Ca(2+) channel blocker benidipine promotes coronary angiogenesis and reduces both left-ventricular diastolic stiffness and mortality in hypertensive rats.
MedLine Citation:
PMID:  20543715     Owner:  NLM     Status:  MEDLINE    
Abstract/OtherAbstract:
BACKGROUND: The beneficial cardiac effects of some Ca(2+) channel blockers have been attributed to blood pressure reduction, but these pleiotropic effects require further investigation. We compared the effects of benidipine, which has beneficial cardiac effects, and nitrendipine, which does not, in an animal model of hypertensive diastolic heart failure (DHF).

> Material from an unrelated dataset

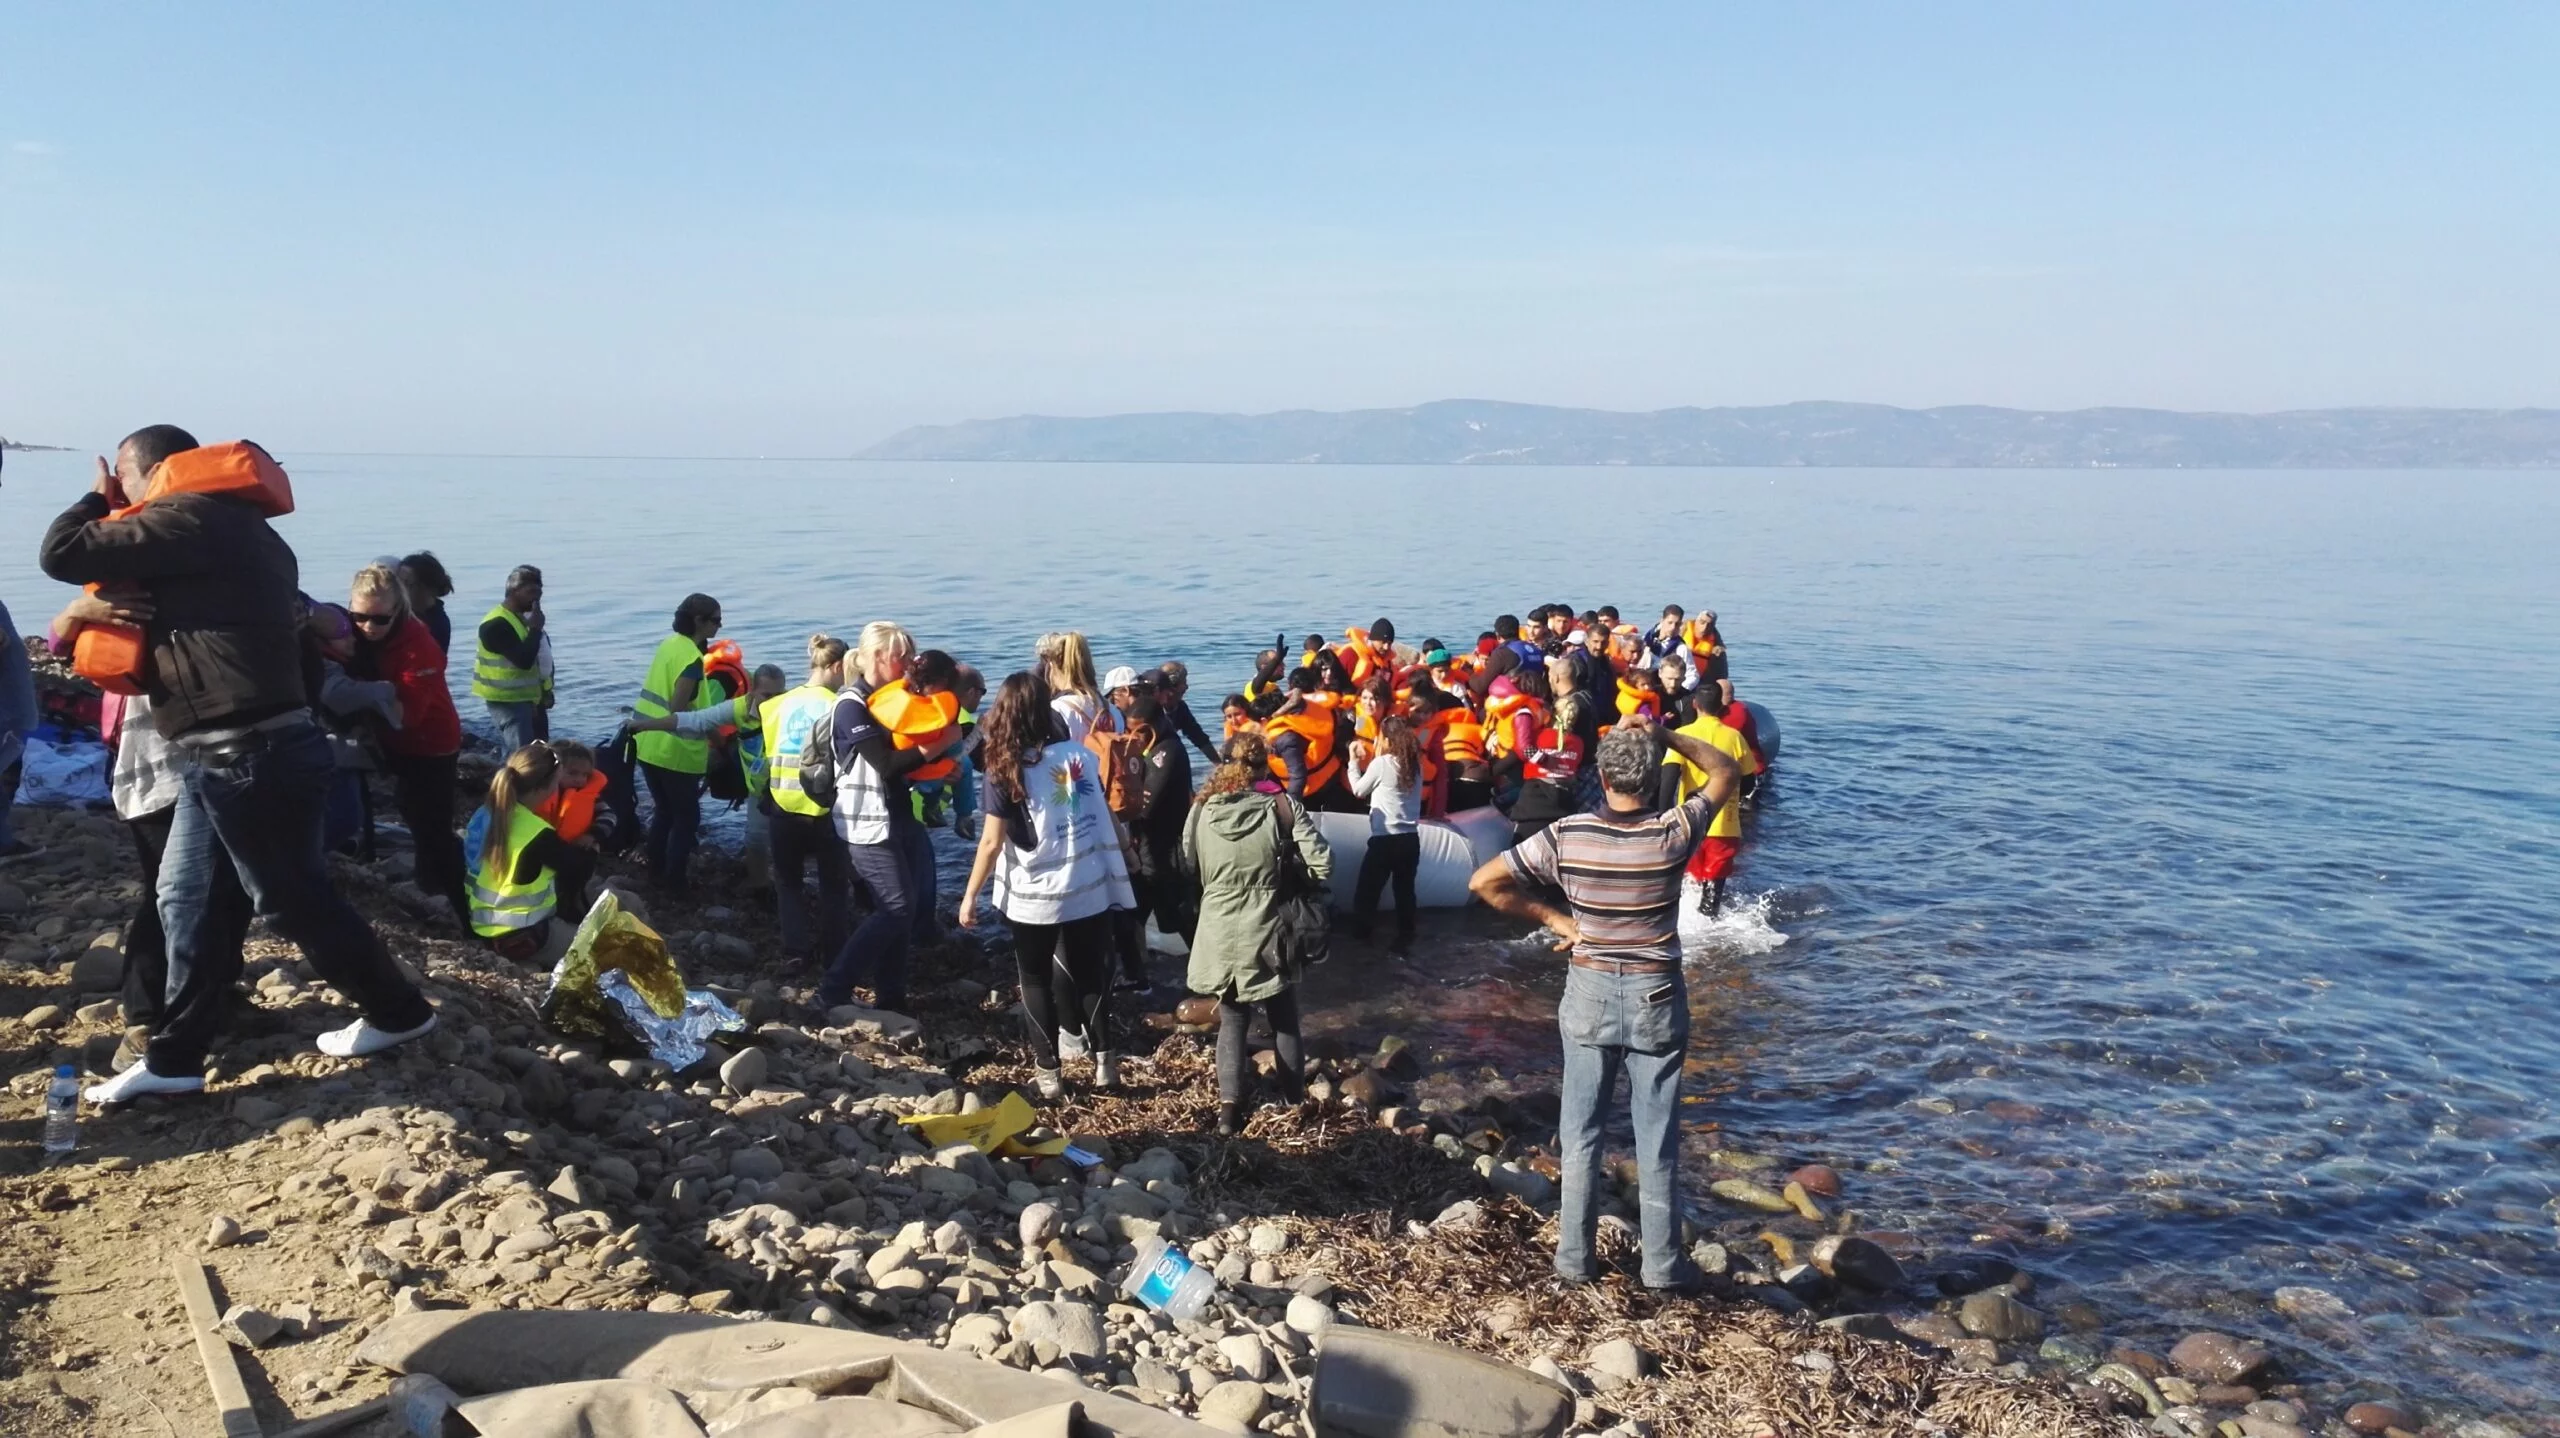 Refugees rescued from boat on Lesvos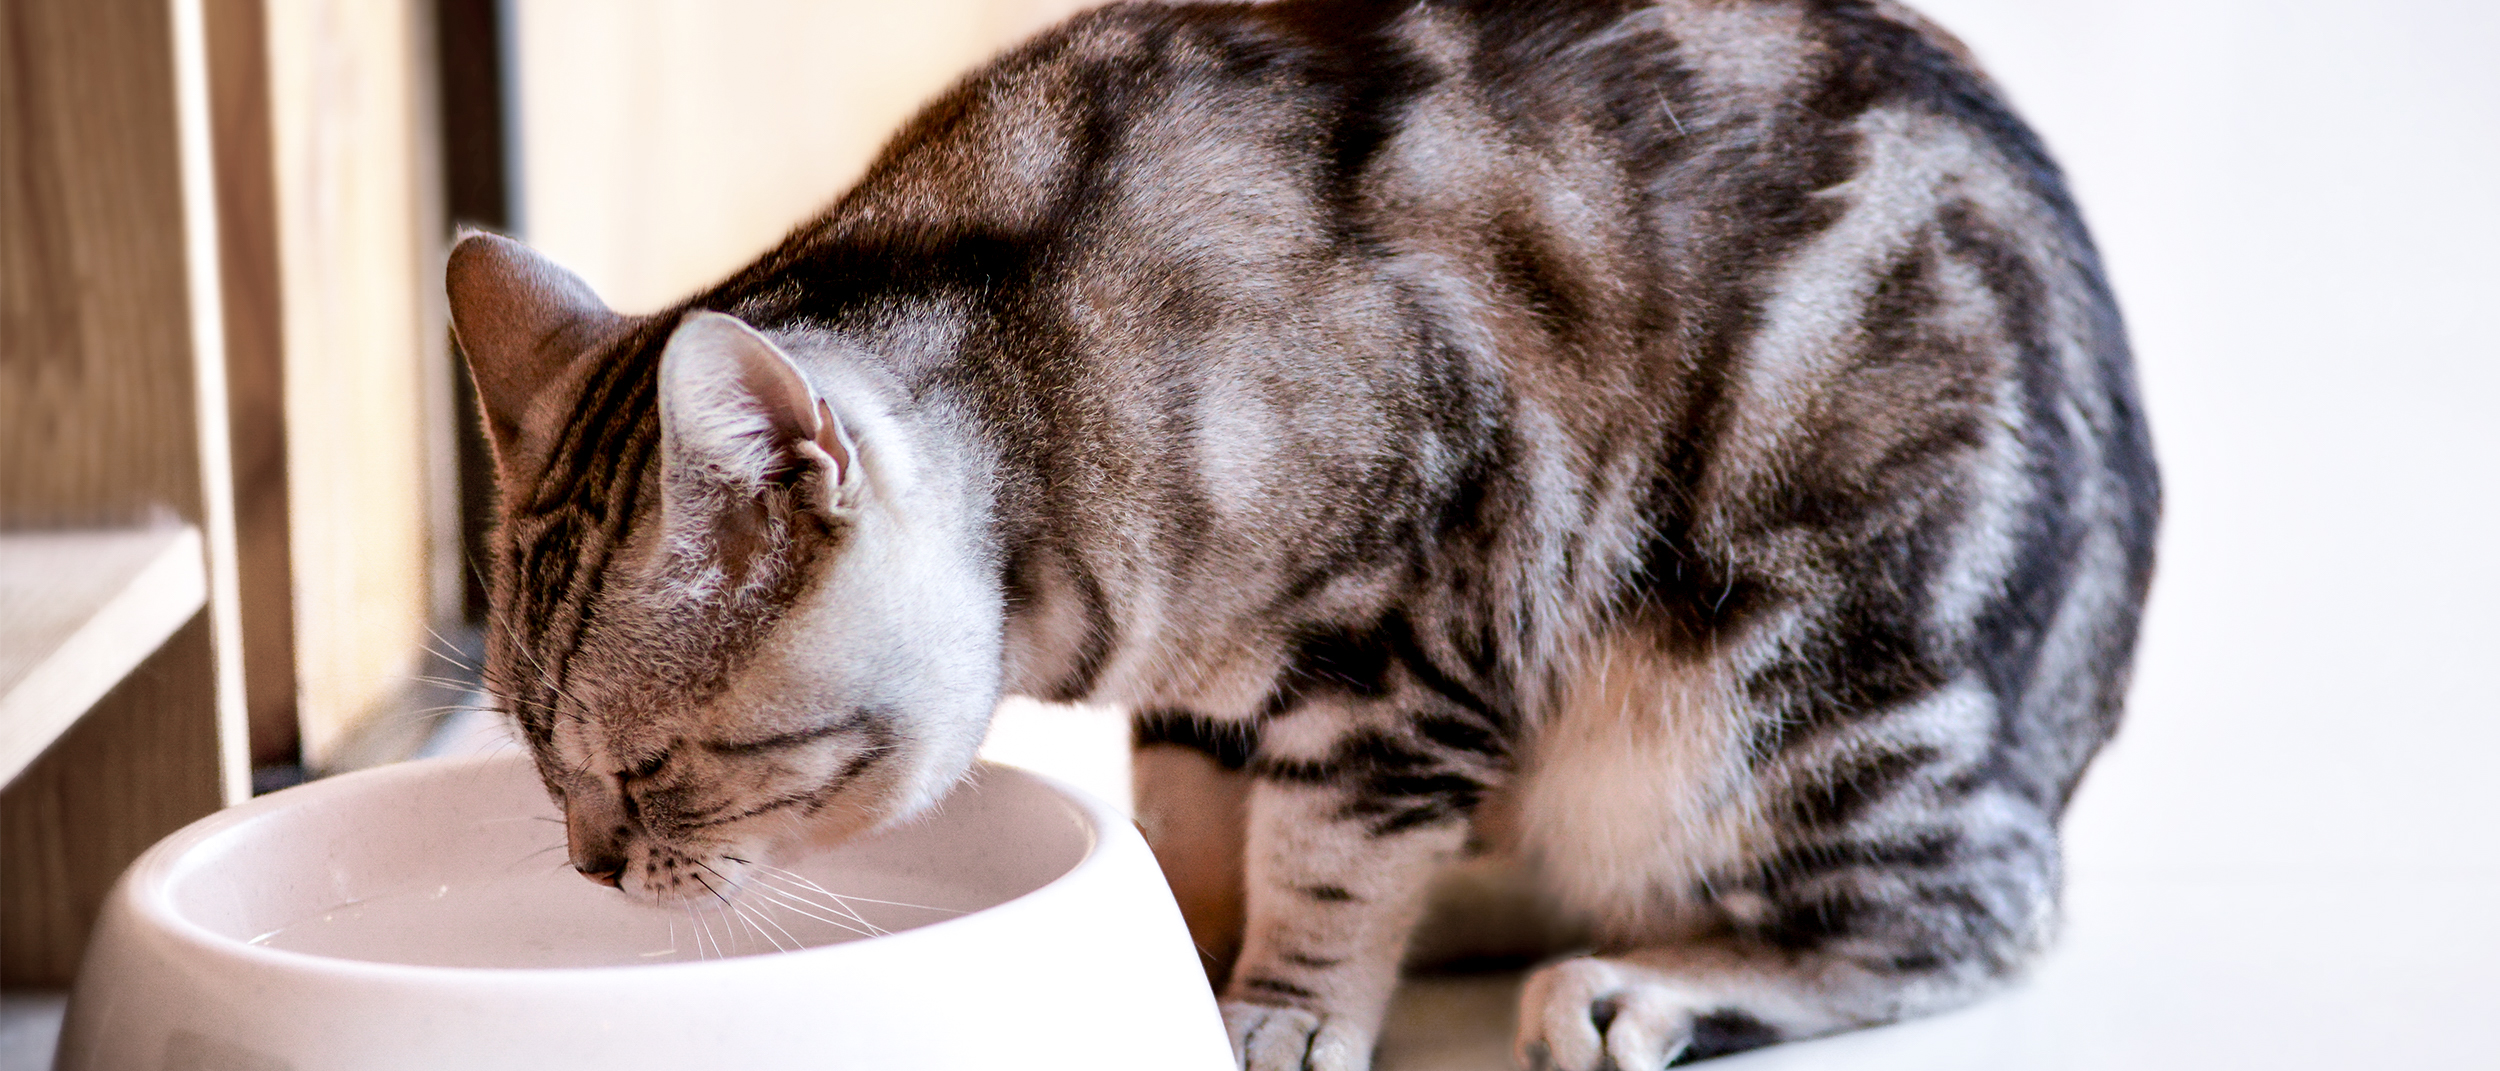 Adult cat sitting down drinking from a white bowl.

METHODS AND RESULTS: Male Dahl salt-sensitive rats were fed a high-salt diet from age 7 weeks to induce hypertension and were either vehicle or orally administered benidipine (3 mg/kg daily) or nitrendipine (10 mg/kg daily) from age 10 to 18 weeks. Control rats were maintained on a low-salt diet. In vehicle-treated rats, left-ventricular (LV) fractional shortening was preserved but LV end-diastolic pressure was increased, indicative of DHF. Benidipine and nitrendipine had similar antihypertensive effects and reduced both LV weight and cardiomyocyte hypertrophy. Benidipine reduced LV diastolic stiffness and mortality to a greater extent than did nitrendipine. Benidipine, but not nitrendipine, also reduced lung weight. The extent of interstitial fibrosis and the abundance of mRNAs for prohypertrophic, profibrotic, or proinflammatory genes in the left ventricle were reduced by benidipine and nitrendipine. Benidipine, but not nitrendipine, increased capillary density and restored the expression of hypoxia-inducible factor 1alpha, vascular endothelial growth factor, and endothelial nitric oxide synthase in the left ventricle.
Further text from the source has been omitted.